Data perspective Data StatisticsData sampling simple random sample extraction
Df.sample (n=3)

Randomly extract 3 rows to set the sampling weight
You need to set weights for each row, the number of rows in the list is less than feasible, too low
Suppose you have 4 rows of data, set the sampling weight
weights = [0, 0, 0.5, 0.5]
df.sample (n=4, weights=weights)
Determine if the sample is put back
# back after sampling, True
df.sample (n=6, Replace=true)

Descriptive statistic describe function
Automatically generate data in quantity, mean, standard poor data

#round (2), showing 2 digits after the decimal point, T transpose
Df.describe (). Round (2). T

Descriptive statistical standard deviation STD ()
df[' Broker response time Long '].std ()

Covariance CoV

df[' brokers send messages on the same day '].cov (df[' The number of messages sent by the customer on the day ')]


Relevance Analysis Corr
Correlation coefficient between 1 to 1, close to 1 is positive correlation, close to 1 is negative correlation, 0 is irrelevant

df[' Customers send messages on the day '].corr (df[' brokers send messages on the day ')


Author: ghost-yu Scholar
Source: Jianshu
Copyright belongs to the author. Commercial reprint please contact the author to obtain authorization, non-commercial reprint please indicate the source.

Related Article

Contact Us

The content source of this page is from Internet, which doesn't represent Alibaba Cloud's opinion; products and services mentioned on that page don't have any relationship with Alibaba Cloud. If the content of the page makes you feel confusing, please write us an email, we will handle the problem within 5 days after receiving your email.

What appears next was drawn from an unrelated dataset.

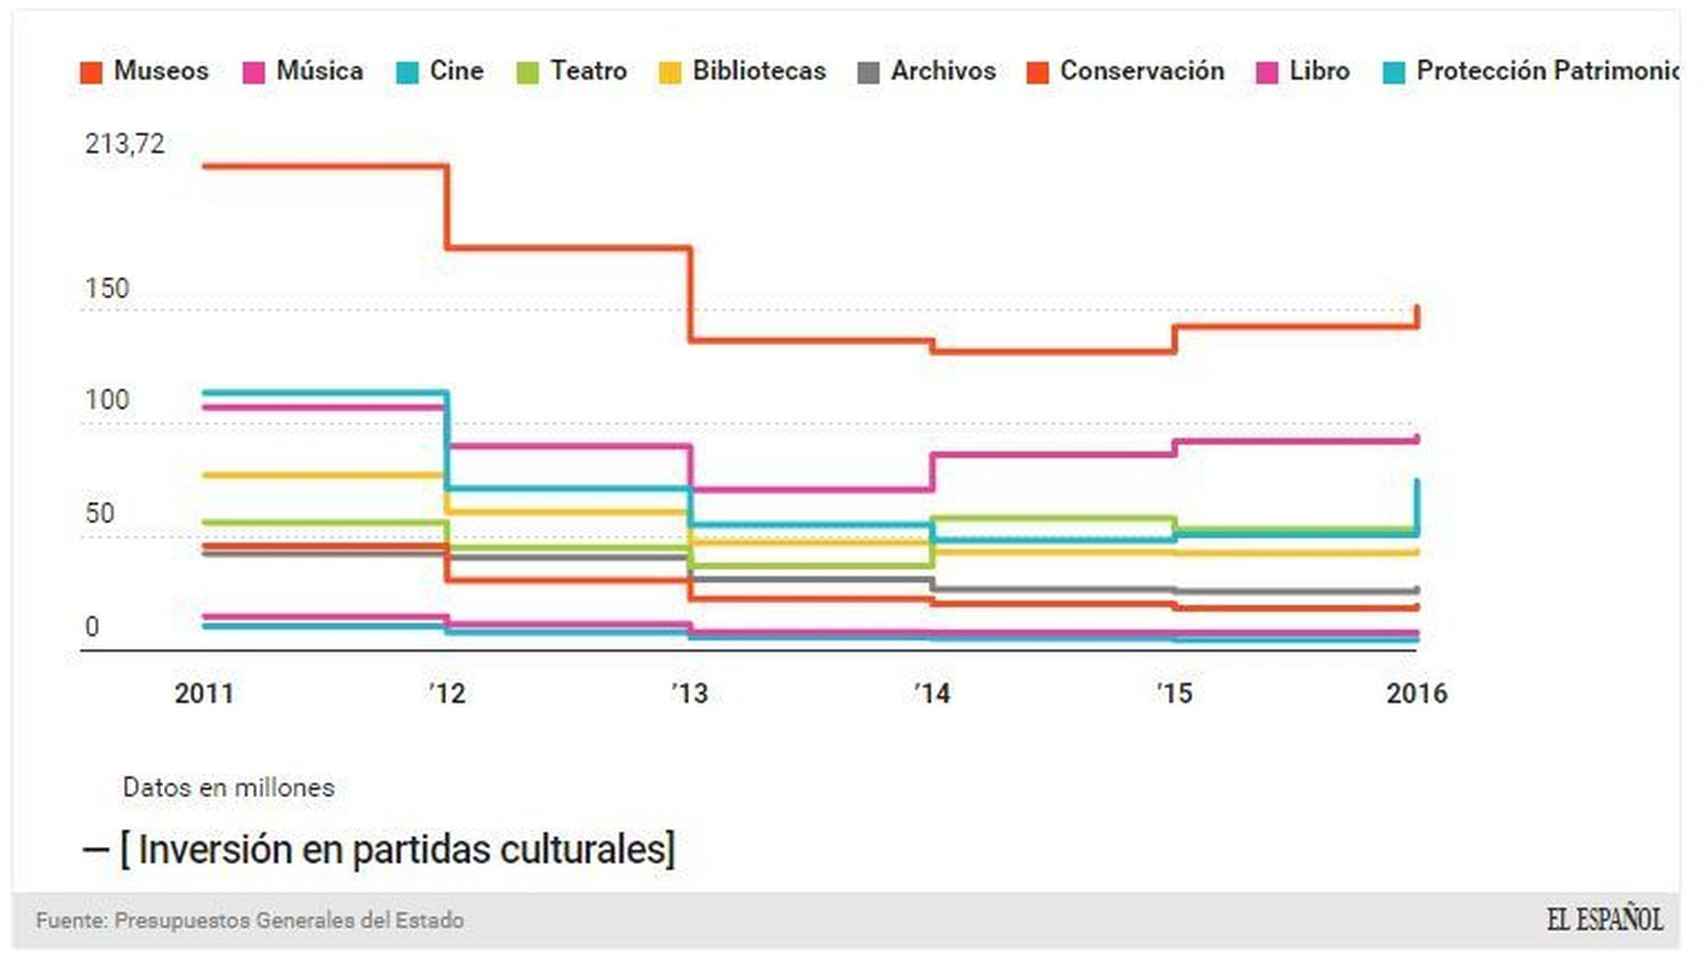 Evolución de la inversión en las partidas culturales, desde 2011 hasta 2016.

If you find any instances of plagiarism from the community, please send an email to: and provide relevant evidence. A staff member will contact you within 5 working days.

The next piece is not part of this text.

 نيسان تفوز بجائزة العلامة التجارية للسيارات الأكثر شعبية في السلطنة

A Free Trial That Lets You Build Big!

Start building with 50+ products and up to 12 months usage for Elastic Compute Service

  • Sales Support

    1 on 1 presale consultation

  • After-Sales Support

    24/7 Technical Support 6 Free Tickets per Quarter Faster Response

  • Alibaba Cloud offers highly flexible support services tailored to meet your exact needs.